Юродивый

          После четвёртой чашки крепкого горячего чаю молодой диакон отец Роман вышел из церковной сторожки и присел на скамейку под кустом шиповника. Служба закончилась полчаса назад. Настоятеля вызвали на какую-то требу и диакон завтракал в одиночестве. Времени до вечернего субботнего богослужения оставалось вдоволь, и он отдыхал, любуясь погожим летним днём, вдыхая аромат цветов и слушая ленивое жужжание пчёл. Немногочисленные прихожане разошлись. Церковный двор опустел. Ни звука вокруг. Храм стоял на окраине небольшого городка, походившей на тихую деревню. Отец Роман, сам не заметив, как, задремал.

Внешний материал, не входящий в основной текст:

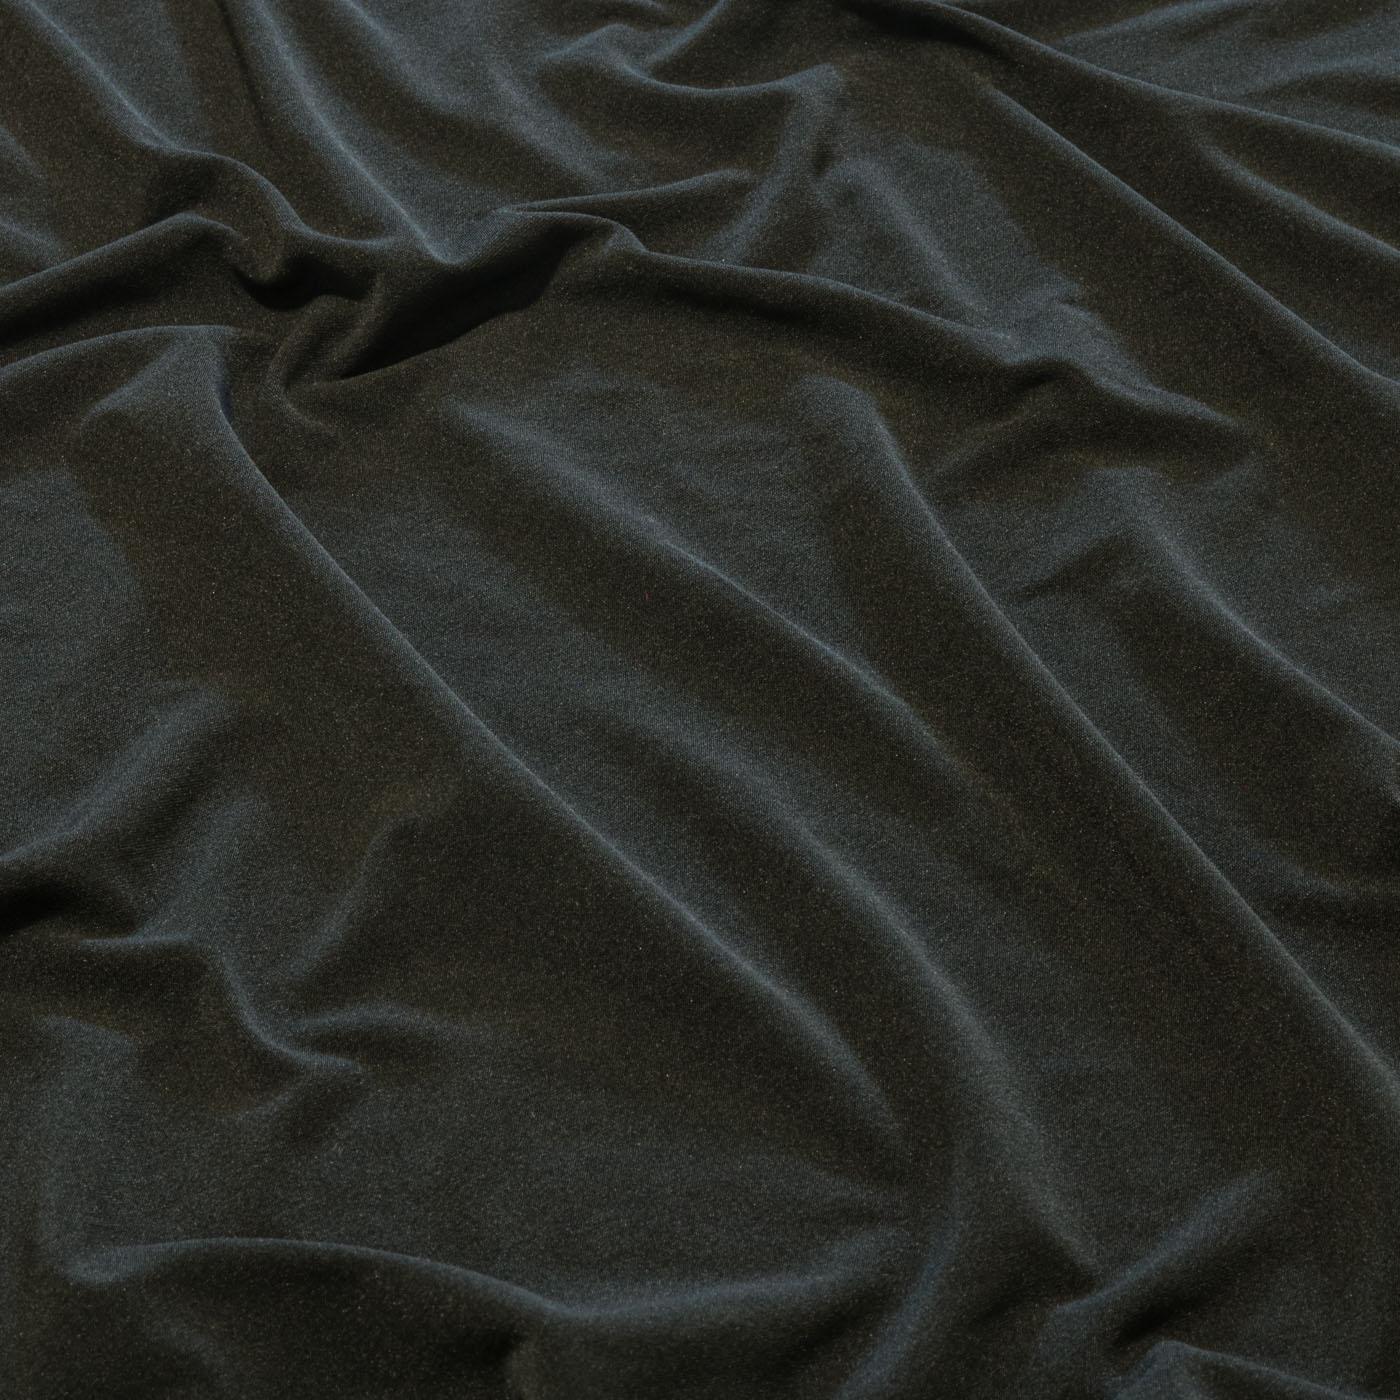 Tecido Malha Liganete Liso  96% Poliéster 4% Elastano  Preto

Когда он открыл глаза, пред его взором стоял некто лицом на восток и часто-часто крестился и кланялся. Незнакомец был небольшого роста, худой, щуплый на вид. Одет, несмотря на жару, в старенький поношенный плащ, из-под которого виднелись полинялые камуфляжные брюки, довольно грязные и неопрятные внизу, складками спадающие на грубые нечищенные ботинки. Голову украшала выцветшая бейсболка, которую в данный момент пришелец держал в левой руке вместе с объёмистым полиэтиленовым пакетом. Из потрёпанного воротничка старенькой рубашки выглядывала дочерна загорелая жилистая шея. Волосы на голове были длинными, но редкими. Сквозь них бронзой просвечивала загоревшая кожа, но больше всего диакона поразило лицо незнакомца, глядя на которое, вы невольно отвлекались от созерцания его жалкого гардероба: тонкое, с впалыми щеками и большими горящими глазами. Бородка и усы были маленькими и редкими, но без седины. Небрежно зачёсанные назад пряди волос открывали высокий морщинистый лоб, как на иконах, изображающих пустынножителей. За спиной незнакомца висел плотно набитый выцветший рюкзак.

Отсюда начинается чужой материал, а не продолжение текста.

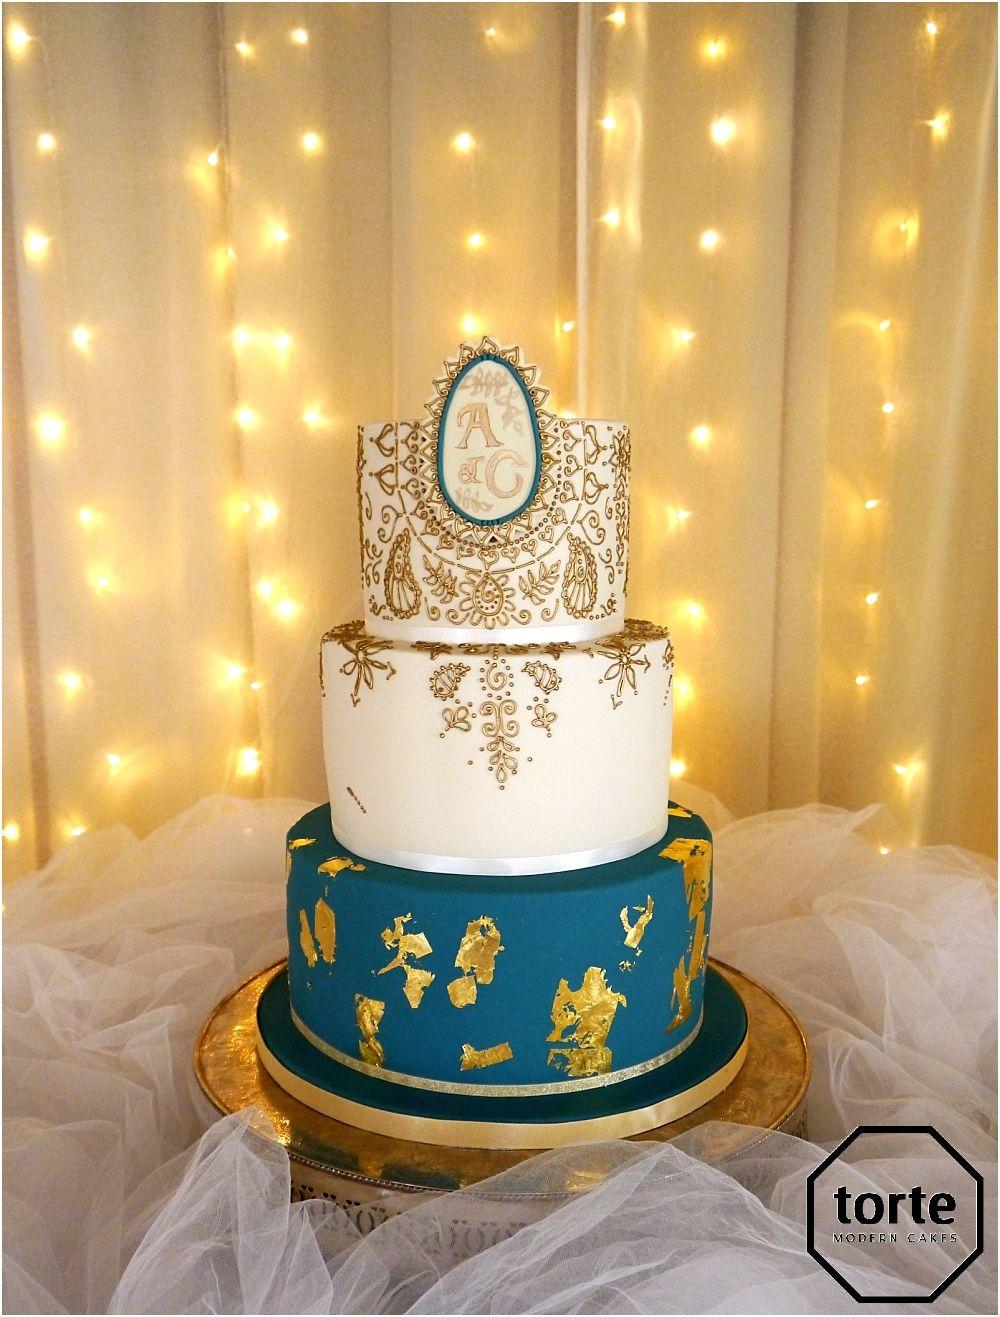 GOLD HENNA #wedding #cake #teal #henna #gold #piping #welshwedding ...

                За год служения отец Роман повидал много всякого люда в церкви. Попадались и похожие на этого, не то бродяги, не то расстриги, которых про себя он называл «волосатиками». Вначале молодой диакон пытался разговаривать с этими людьми, но сплошь и рядом натыкался, то на мрачный фанатизм или  занудное начётничество, или на явный обман. Чаще всего за маской «Божьего человека» скрывалось стремление добыть деньгу, для чего все средства были хороши : и нестриженные волосы, и рубище, и глаза под лоб… Эти типы страшно любили обличать. Они обличали народ в маловерии, духовенство в нерадении, иерархию в пособничестве властям и т. п. Одного такого «юродивого» оставили как-то ночевать в церковной сторожке. Когда отец Роман утром первым пришёл на приход, он застал «волосатика» сидящим за столом, на котором лежали Евангелие, молитвослов и… снятый со стены портрет патриарха, поставленный вверх ногами. На вопрос зачем он это сделал, «старец» отрезал: »Патриарх предаёт православие». Возмущённый диакон потребовал вернуть портрет на место, а «волосатику» предложил направить стопы в Чистый переулок и заявить свои претензии его святейшеству лично. Суровость во взоре, непримиримость к инакомыслию сочеталась в «волосатиках» с огромным самомнением, но в столь неожиданно появившемся незнакомце замечалось нечто иное: взор светился благородством и добротой, на губах играла обезоруживающе простодушная улыбка, делая его похожим на ребёнка, и вообще, весь он был, как говорится, не от мира сего, настоящий юродивый. Постояв перед закрытой дверью храма, человек зашёл сбоку, с северной стороны и снова стал креститься и кланяться. Таким же образом он обошёл церковь со всех сторон и снова очутился перед входом.
               Отец Роман подошёл, поздоровался и спросил незнакомца, как ему понравился храм.
«Ваше благовестие, отец Роман! Храм ваш замечательный, а замечательный особенно потому, что не закрывался и не осквернялся безбожниками. Радуйся, что тебе довелось начинать на таком приходе» - отозвался пришелец.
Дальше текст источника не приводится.